:: Data provided ::
****************************************

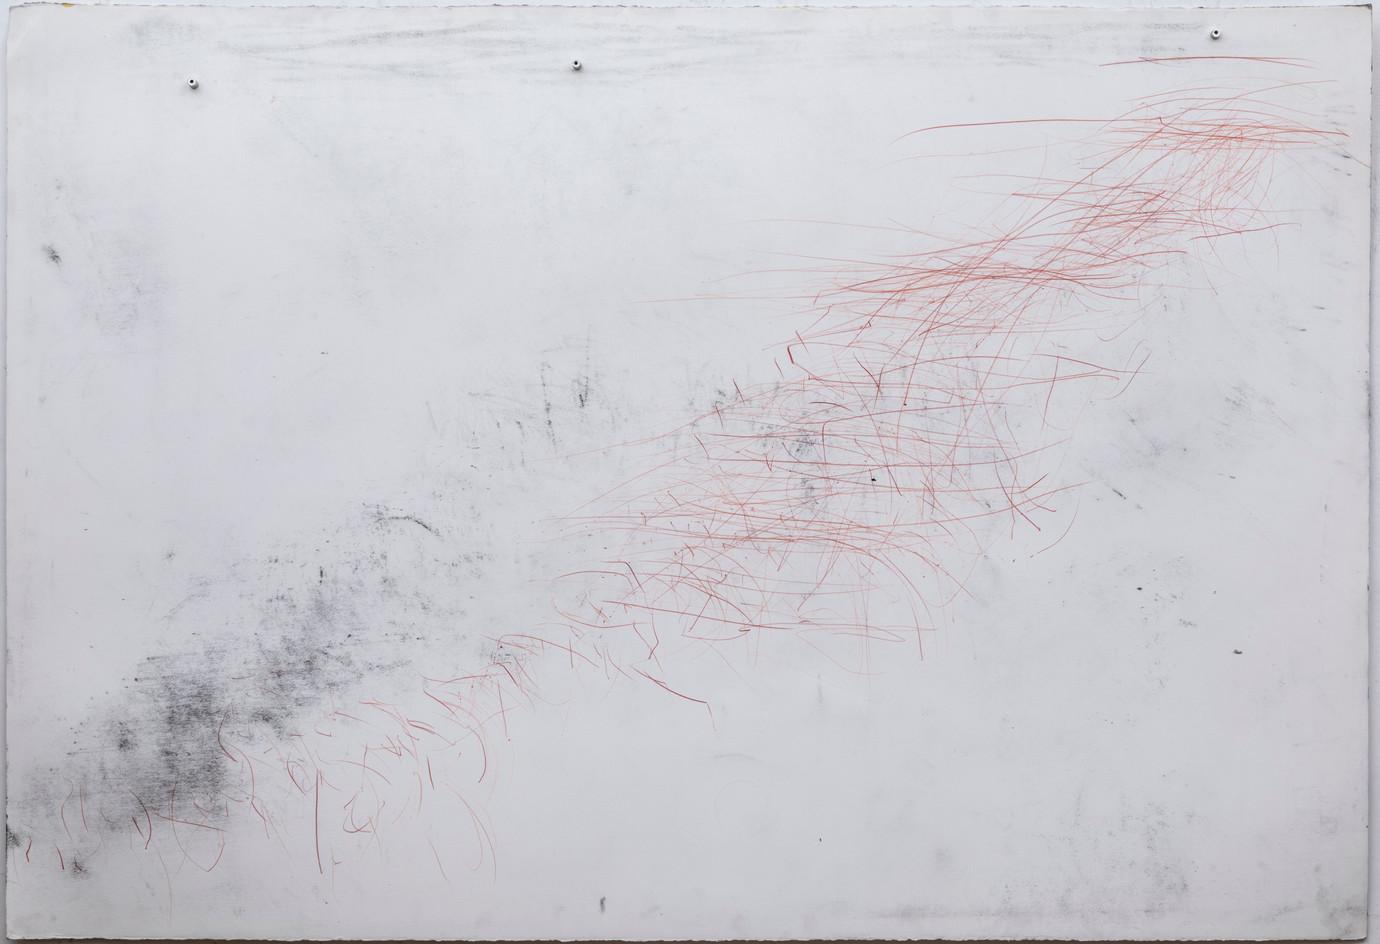 104 x 152 cm lápis dermatográfico, giz pastel seco sobre papel foto: Ruy Teixeira
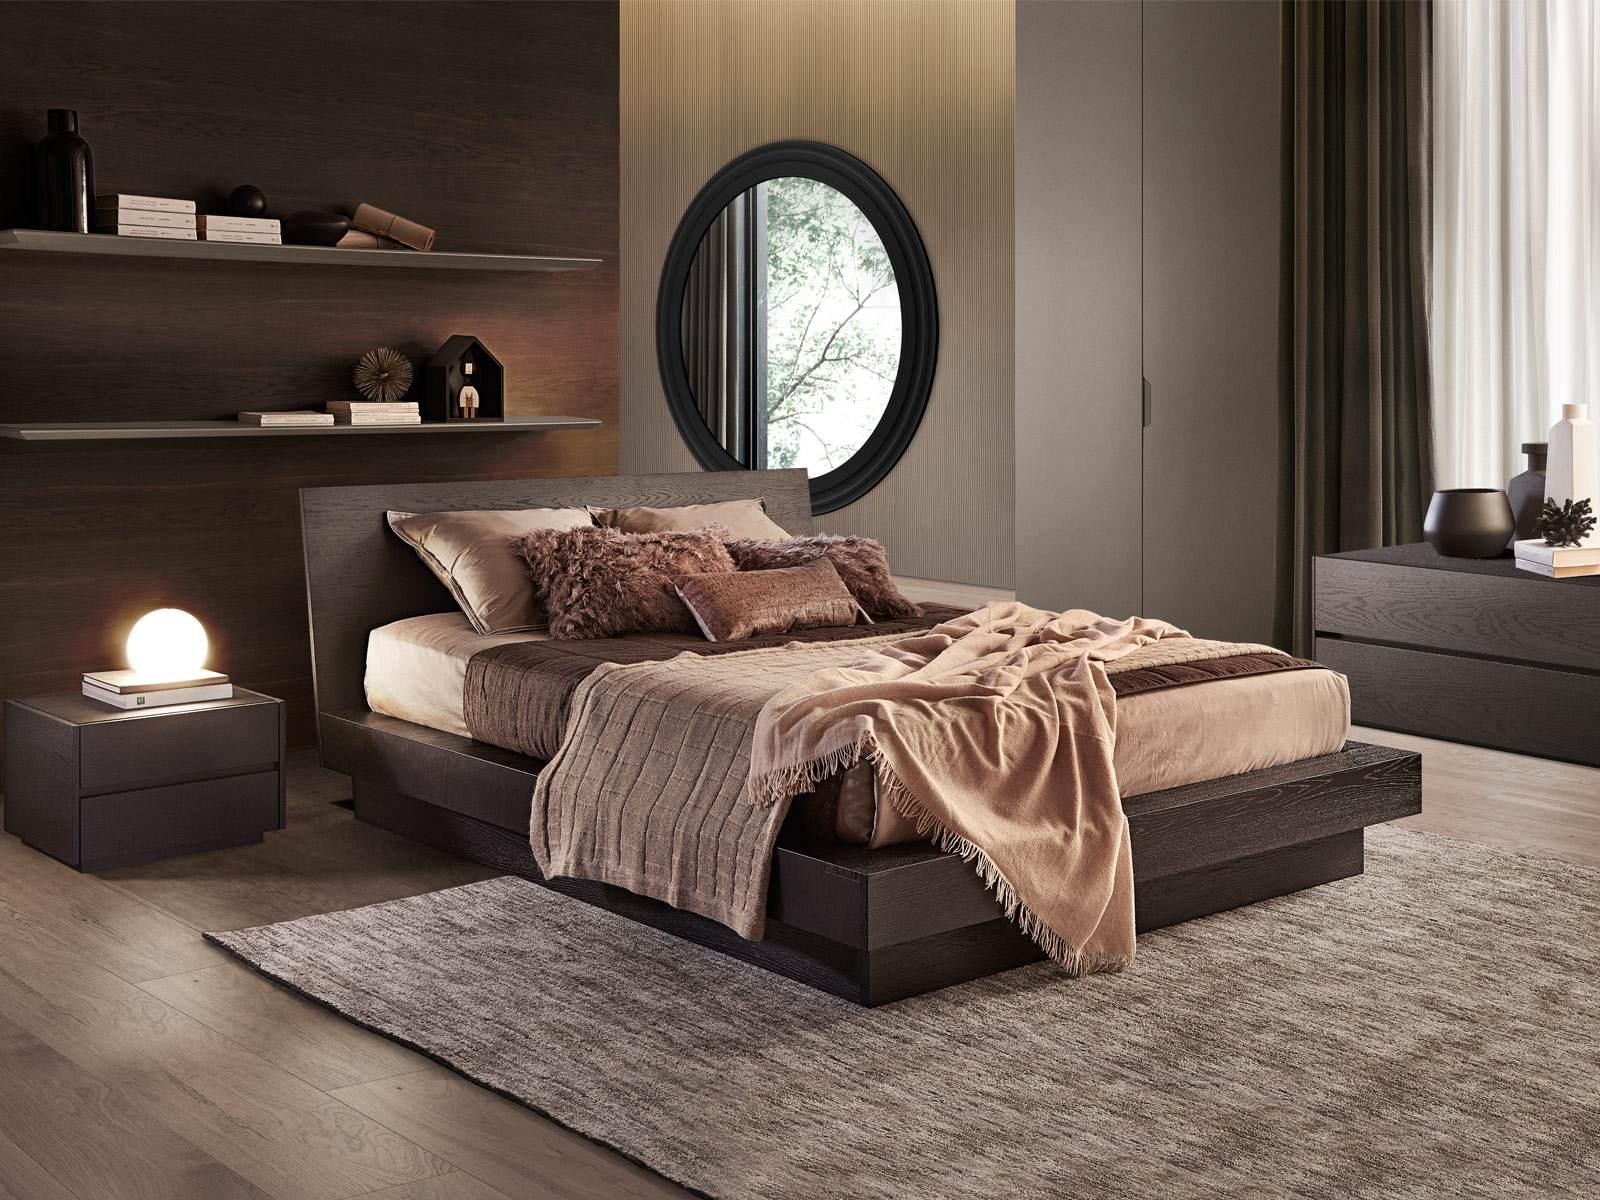 Contemporary Beds Stunning Italian Designer Beds Designs
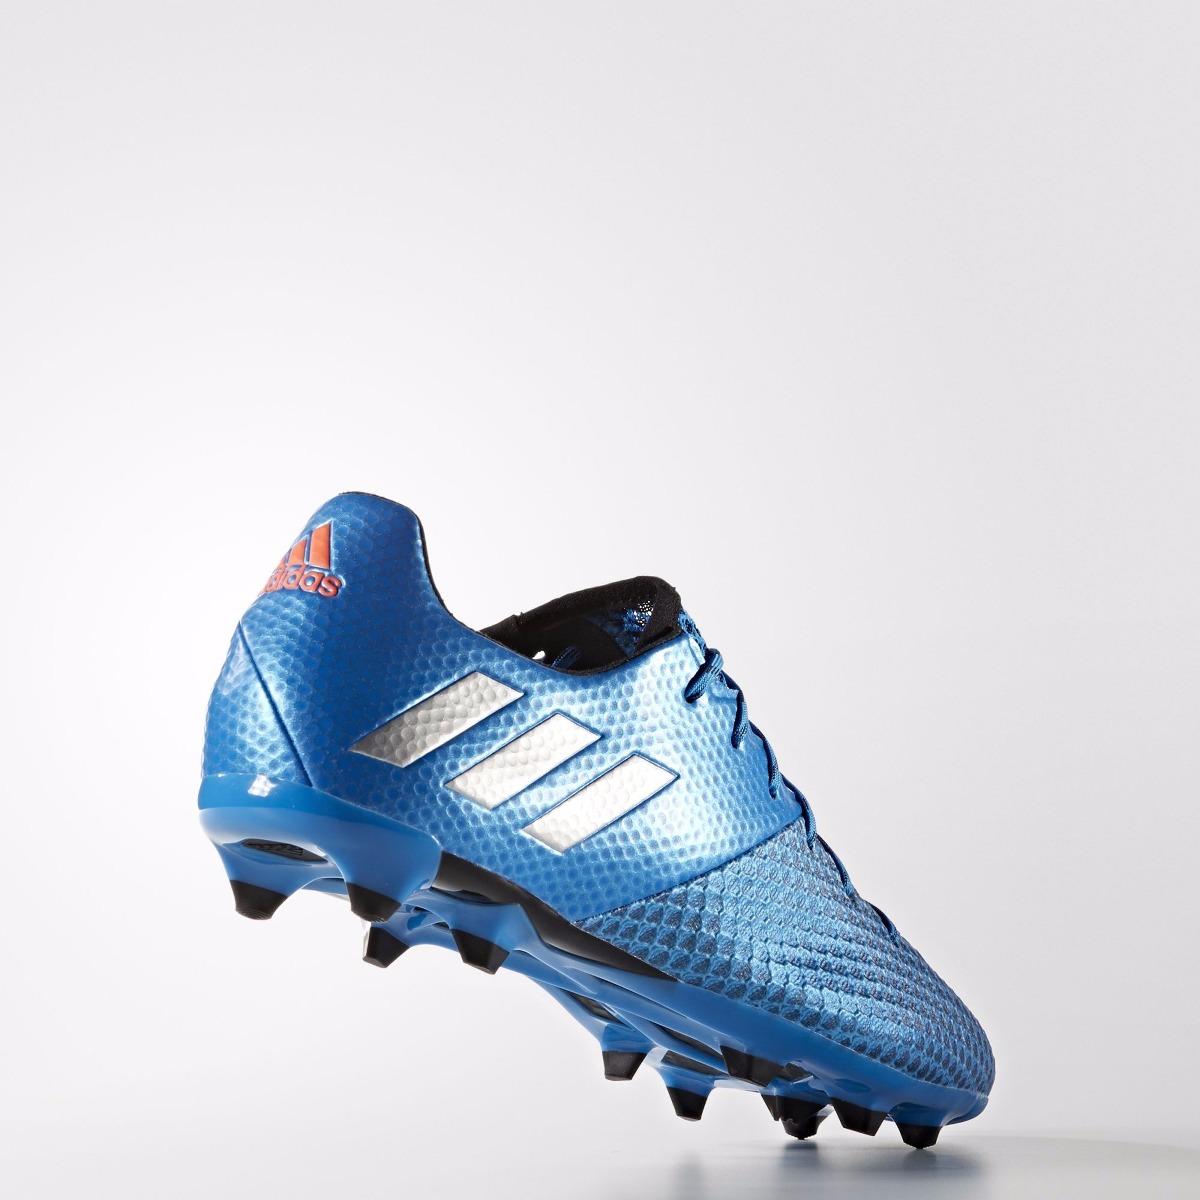 00 2 999 Adidas Zapatos Futbol Aq3111 Semiprofesionales Messi 16 gwxqw8nAOp

****************************************

:: Work to be completed ::
Leaving every picture out, please copy exactly the lines from the one holding "Contemporary Beds Stunning" through the last line of the listing, both ends included.

:: Answer section ::
 Contemporary Beds Stunning Italian Designer Beds Designs
 00 2 999 Adidas Zapatos Futbol Aq3111 Semiprofesionales Messi 16 gwxqw8nAOp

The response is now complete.